The Irish lilt of his internationally recognized voice puts a comedic spin on the past 10 minutes, during which the CBS golf reporter and host of the eponymous Golf Channel interview show, clutching his electronic room key, has roamed the labyrinthine corridors of a Las Vegas hotel tower before remembering that the Aria Resort and Casino actually has two guest towers.

Straightening, a bemused Feherty shakes his head. His trim torso, in ruffled dress shirt and unbuttoned vest, looks ready for a black-tie affair, but his nether anatomy wears jeans and pointy suede boots. His black hair is combed back in the brilliantined style of a fifties cowboy crooner, but pointy sideburns and a Van Dyke beard suggest Lucifer in a production of Damn Yankees.

"Last week," he says in the plummeting elevator, "I couldn't find my room at the Bellagio," another Vegas casino. "I nearly slept in the hallway."

Feherty is embellishing a story he told over a tapas lunch, in which he recalled performing for an industry group at the Bellagio a few days earlier. "There were two thousand of them," he said, "but I had no idea who I was talking to.

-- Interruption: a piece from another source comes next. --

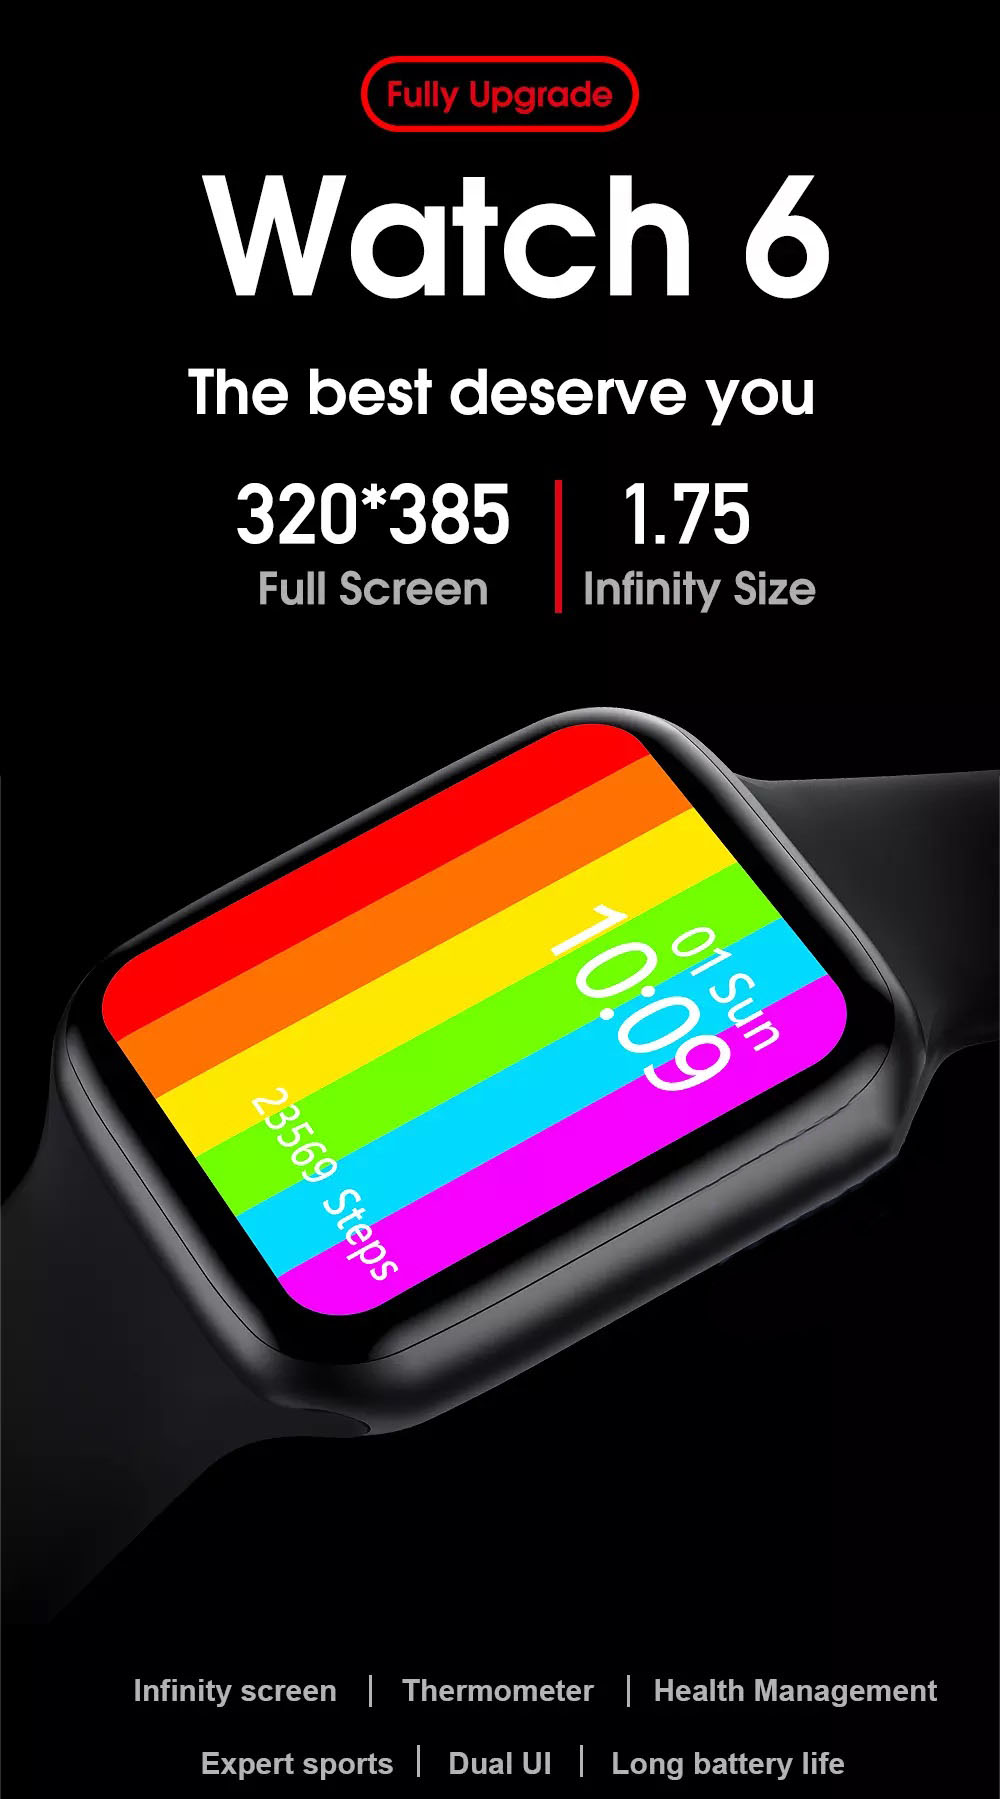 Original Microware W26+ Plus Smart Watch with Calling Feature IP68 Waterproof Fitness Tracker Sports Watch-black

It was restaurant managers, but it could have been the local child-molesting club!"

The jokey coda was vintage Feherty. So was the way he rolled his eyes after announcing that his in-laws would be spending Thanksgiving at his home in Dallas.("They're from Mississippi. They think Deliverance is a love story.")

But you can't separate Feherty's antics from his anxieties. He noticed a few years ago that he was starting to forget things. "And not where my car keys were," he said at lunch. "I was starting to forget words. At a speaking engagement for the Navy I had to ask the audience to help me. 'What do you call that thing that goes across the land that has water in it?' And people would shout, 'A tanker!' No, that's not it. Somebody shouts something else. 'A stream!' "No! I meant a river."

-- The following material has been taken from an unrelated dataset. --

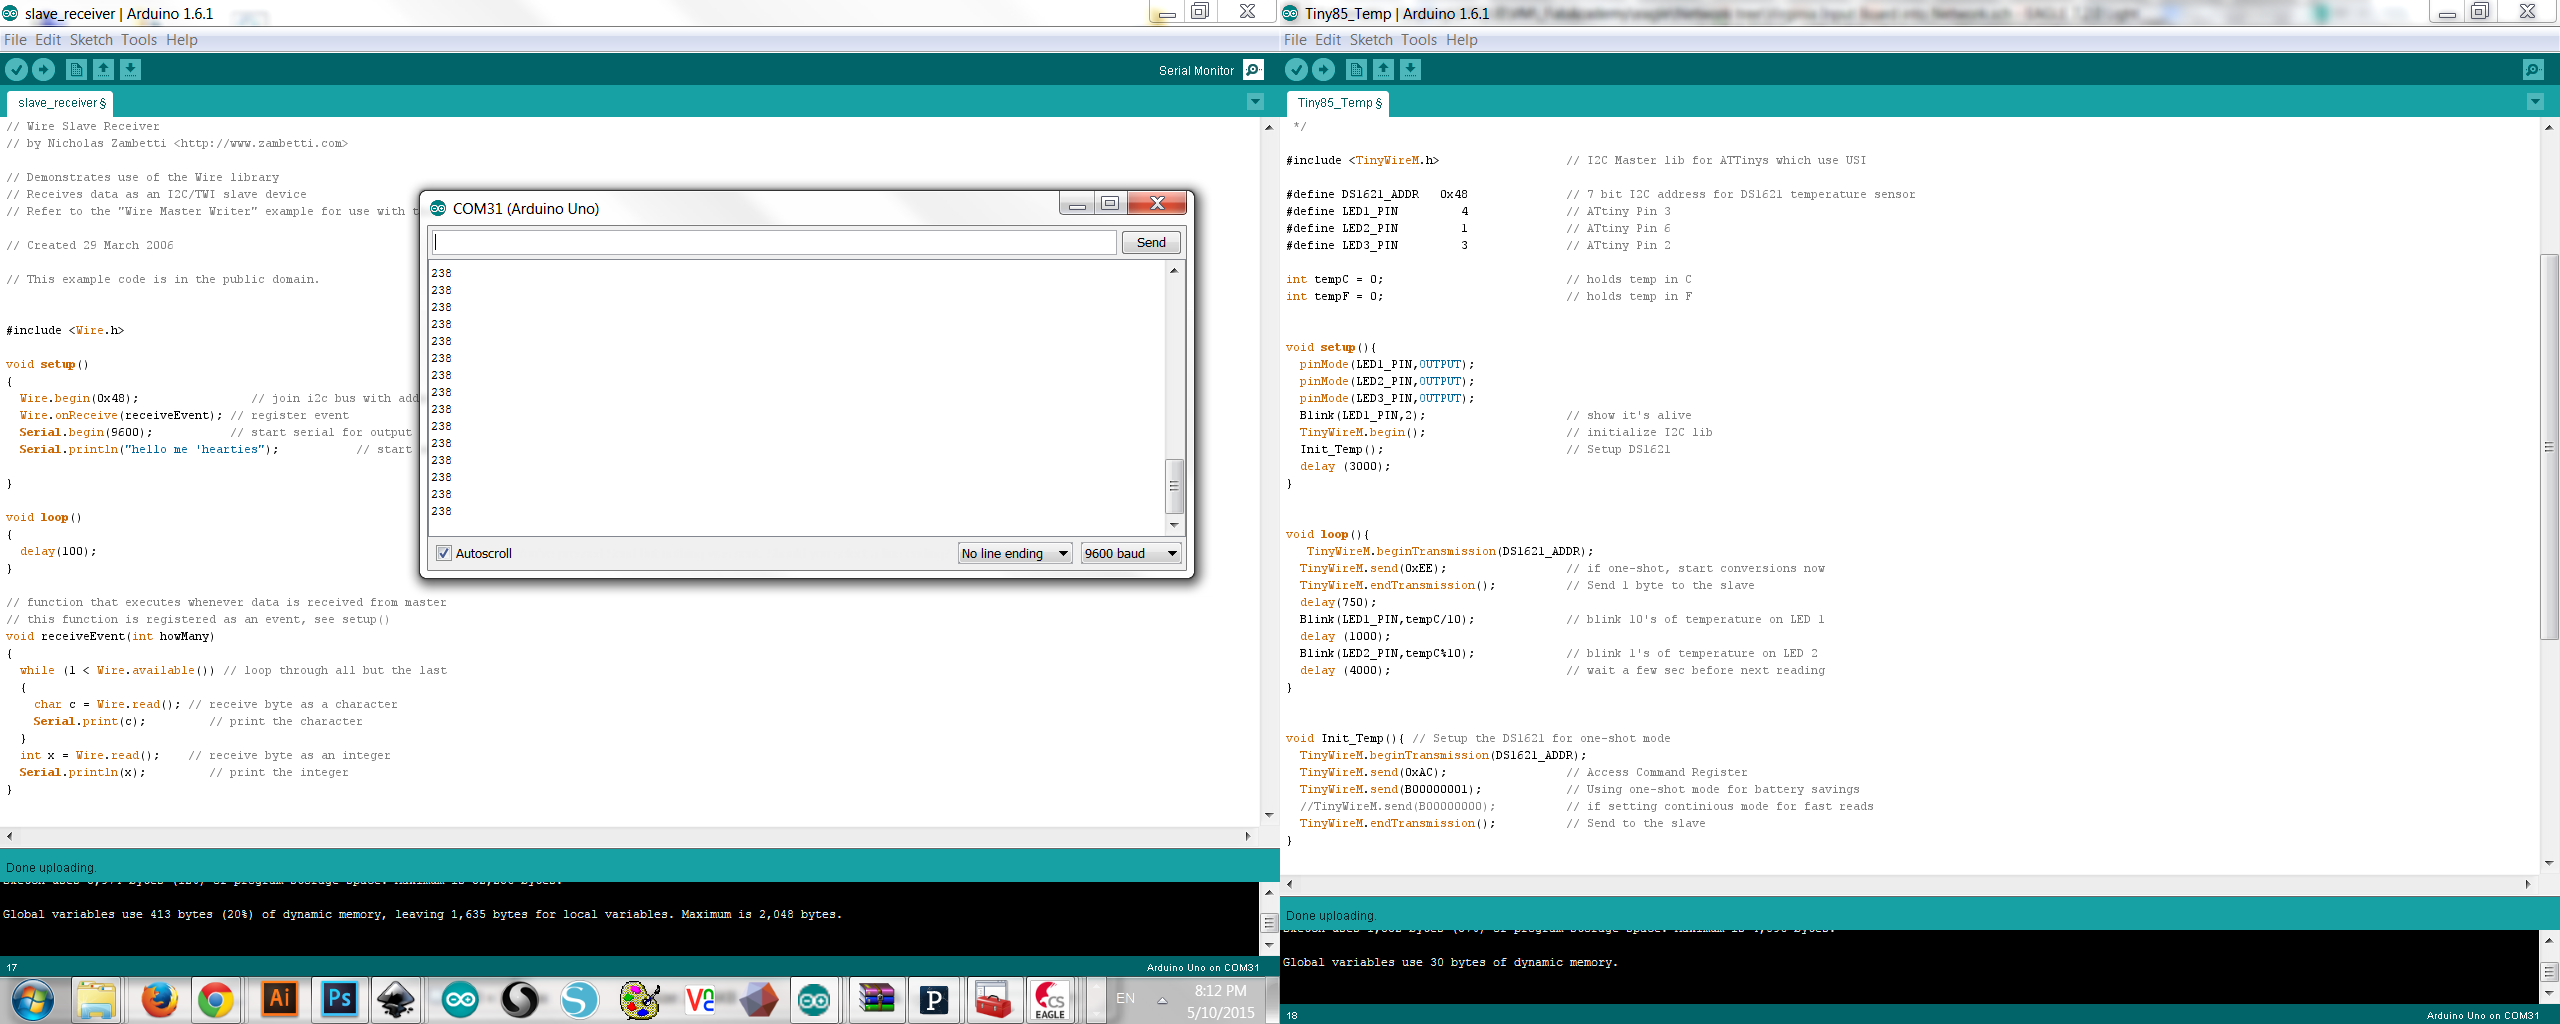 Squid! program working. Photo of arduino IDE code and communication happening.

He smacked his forehead with the heel of his right hand. "I've had my head run over a couple of times, taken a few falls, been knocked senseless."

So yeah, Feherty has reason to worry about the possibility that he's losing his ability to express or comprehend speech, a condition known as aphasia. At 54, he already depends on his wife of 17 years to manage his affairs and make sure he doesn't get on a plane to Fargo when he's supposed to speak in Seattle. "I rely on Anita beyond anything you can imagine," he'd said in the restaurant, staring wistfully at the attractive brunette by his side. "I don't know where we bank. I don't know how much I get paid. I couldn't tell you my net worth."

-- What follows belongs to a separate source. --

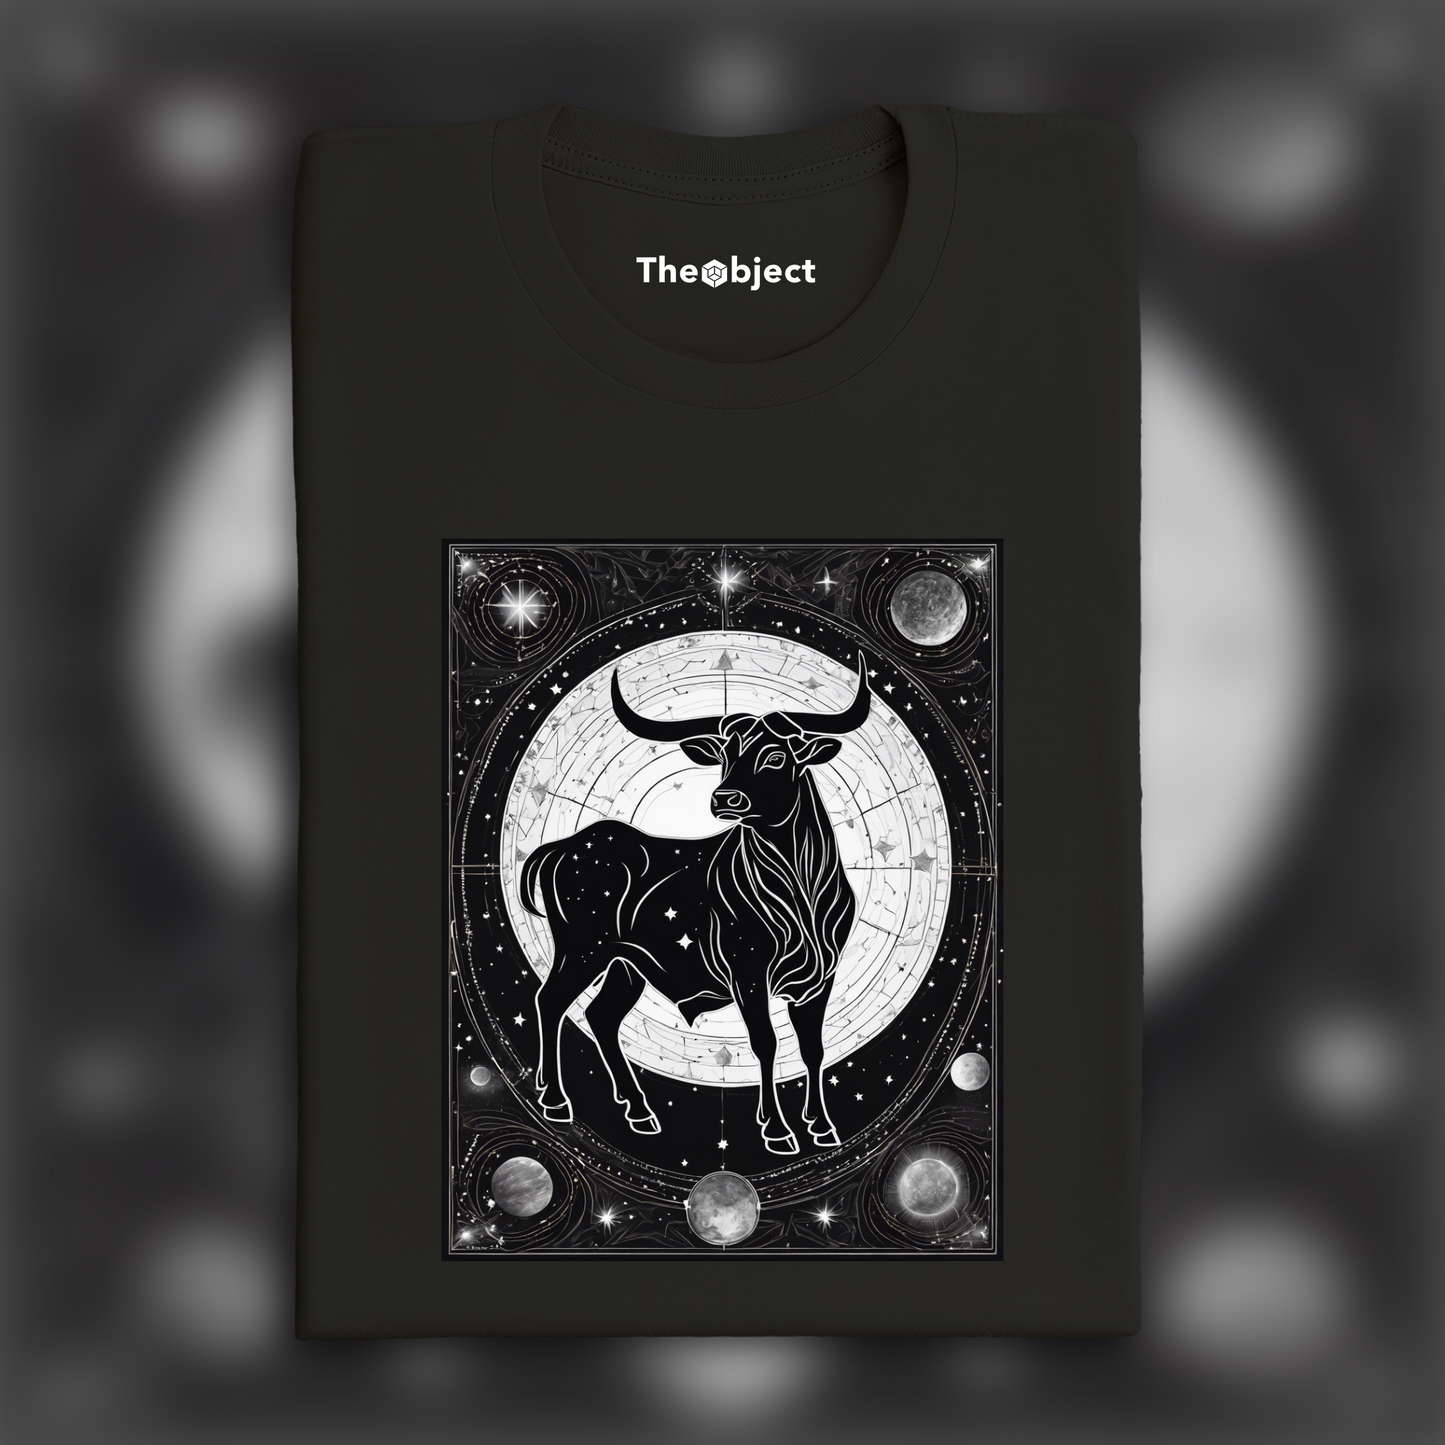 T-Shirt IA - Astrologie, Constellations, Signe du Taureau - 2178827303

It got so bad last summer that he asked Anita to make an appointment for him to get an MRI brain scan.

"My problem," he starts to say--but he's interrupted by the elevator doors opening. He steps out and looks right and left before joining a parade of guests headed for the casino floor. His eyes search for a sign pointing to the Skyview Suites Tower.

"Remind me again," Feherty says to a reporter. "What is this for?"


The doctors x-rayed my head, Dizzie Dean used to say, and found nothing.

Feherty went to a neurologist for tests a few years ago, already worried that his mental deterioration mirrored that of his Alzheimer's-stricken father in Northern Ireland. But far from confirming dementia, a battery of cognitive tests showed the younger Feherty to be in the top percentile, noodlewise.

That surprised no one who had worked with Feherty, from his CBS colleagues to the editors of his five books. The word most used to describe him -- after lunatic -- is genius. "David is one of the most quick-minded people I've ever met," says Golf Channel analyst Kelly Tilghman, "and he has an amazing ability to paint pictures with words." Keith Allo, the executive producer of Feherty, says, "There's a definite genius to the way he looks at the world."

"David's brilliant," confirms Anita Feherty. "I'd say he's becoming a genius. He's constantly reading and discovering."